**Assignment**
Pictures are to be left out; every line from the one with "Rayas Laticauda colubrina, serpiente" through the end of the data must be transcribed exactly.

**Raw data**
————
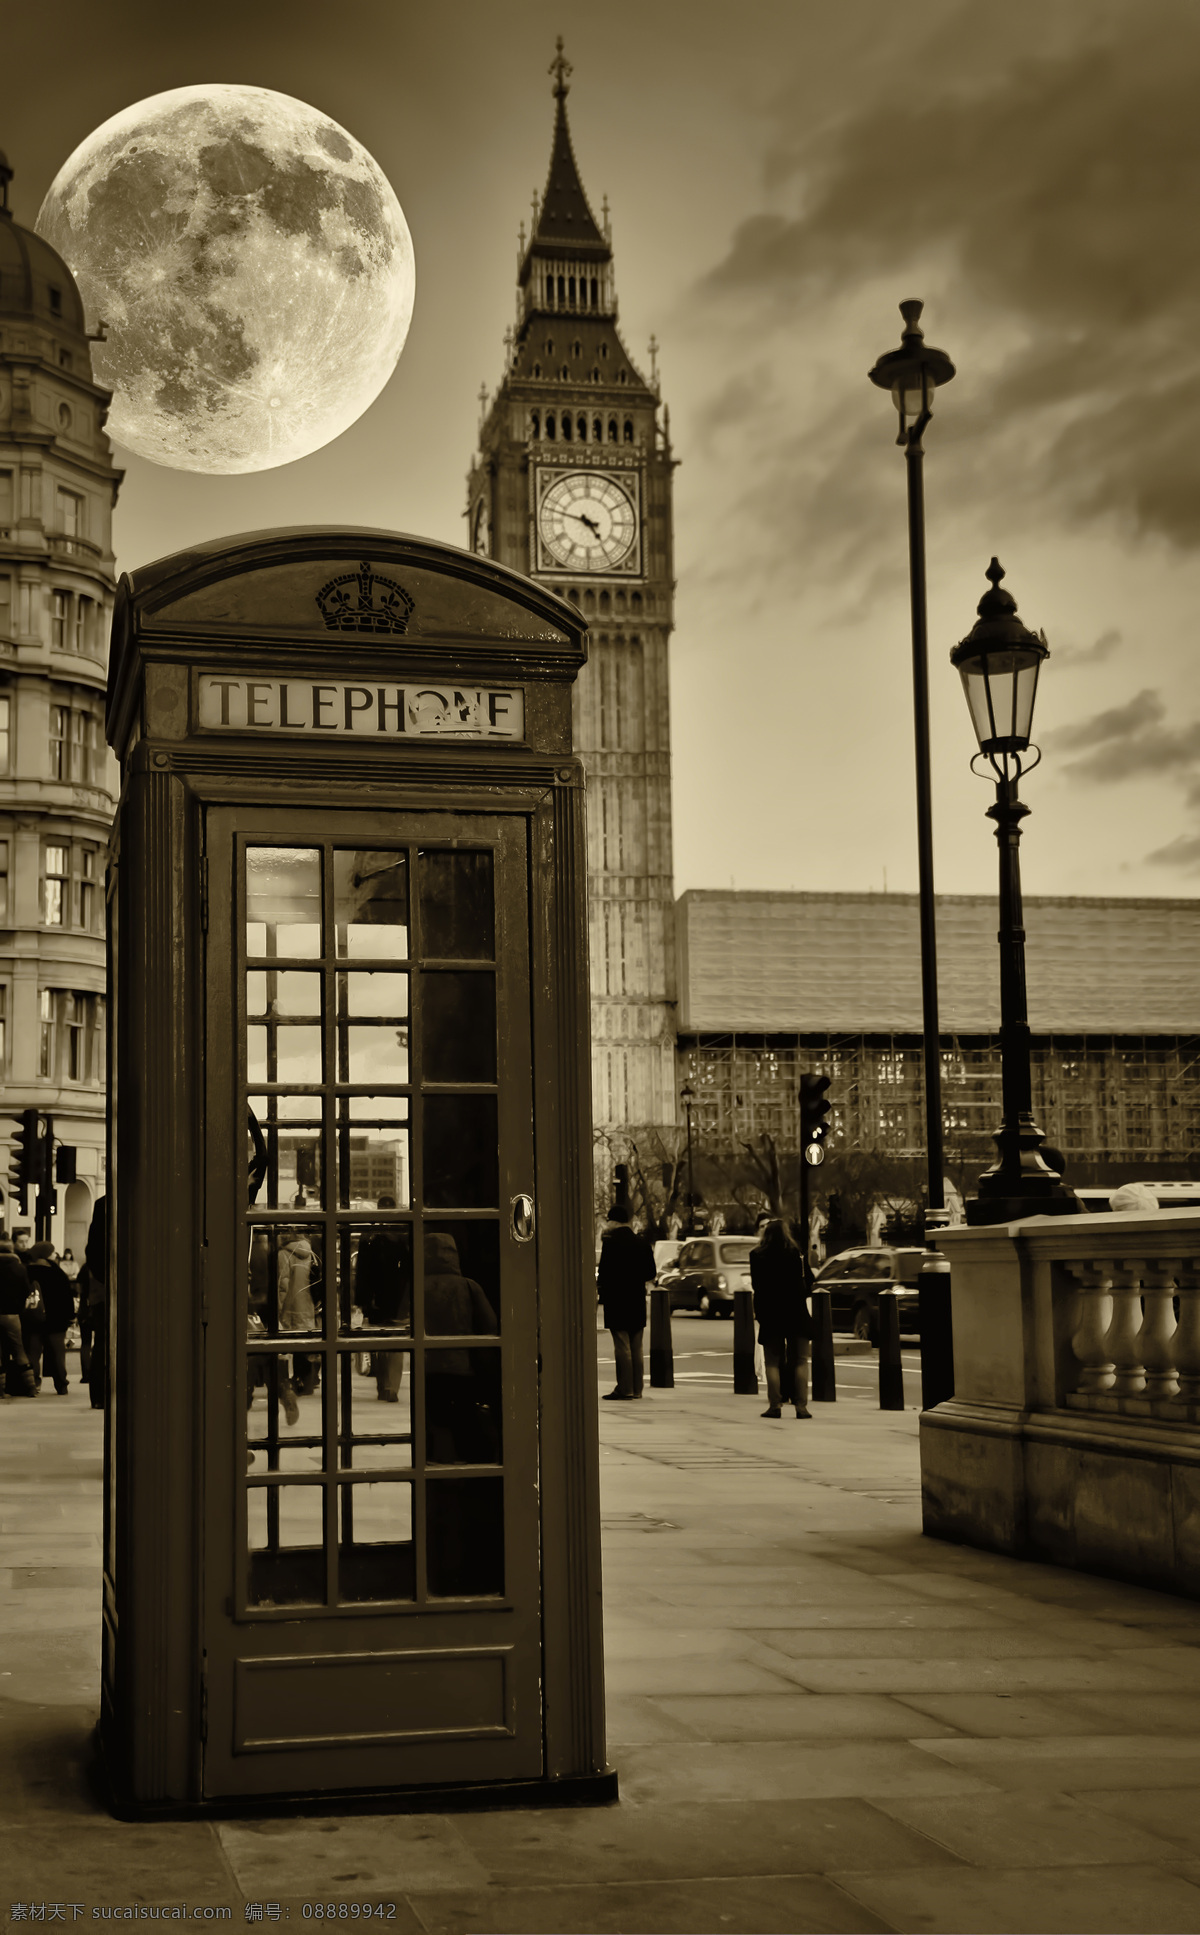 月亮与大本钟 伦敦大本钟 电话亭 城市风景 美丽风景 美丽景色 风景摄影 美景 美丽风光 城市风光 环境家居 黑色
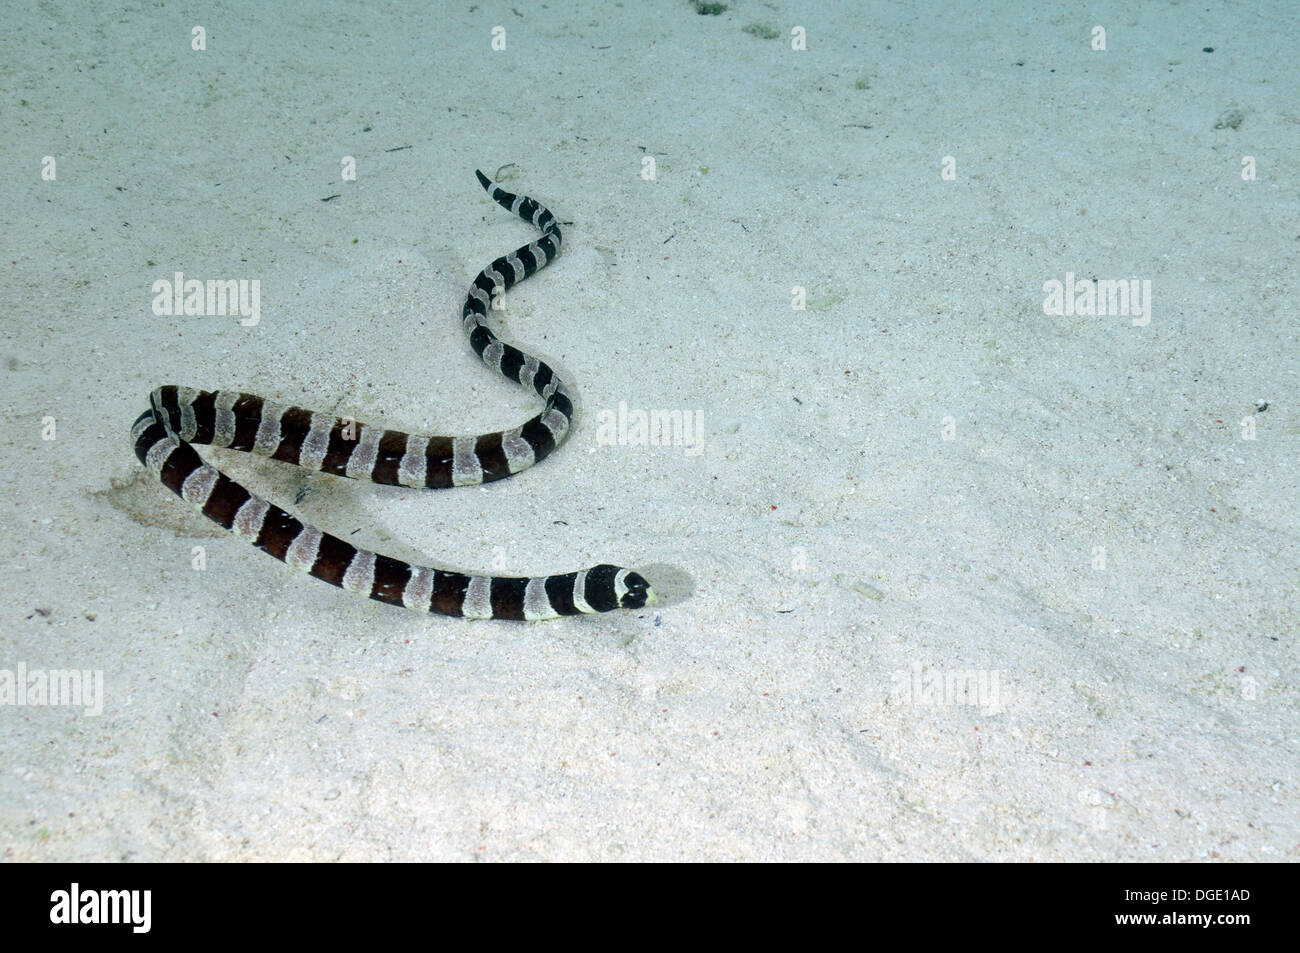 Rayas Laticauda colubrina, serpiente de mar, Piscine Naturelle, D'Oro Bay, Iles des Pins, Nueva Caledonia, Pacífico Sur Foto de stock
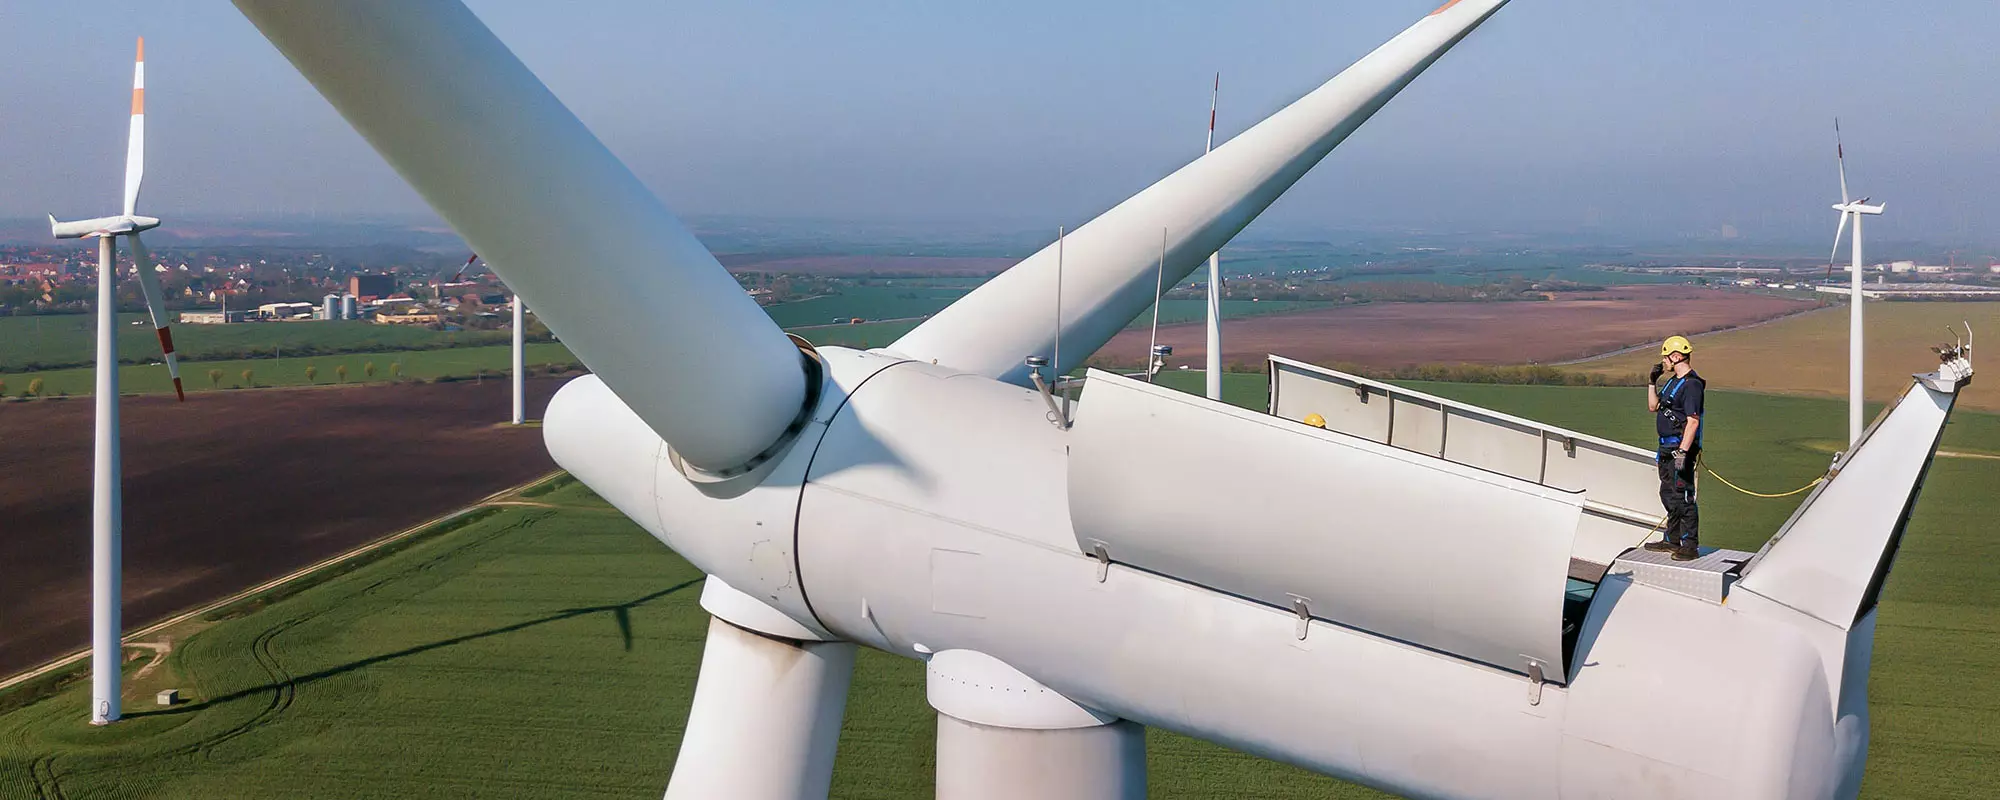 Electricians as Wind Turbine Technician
————
**Response to this exercise**
 Rayas Laticauda colubrina, serpiente de mar, Piscine Naturelle, D'Oro Bay, Iles des Pins, Nueva Caledonia, Pacífico Sur Foto de stock
 Electricians as Wind Turbine Technician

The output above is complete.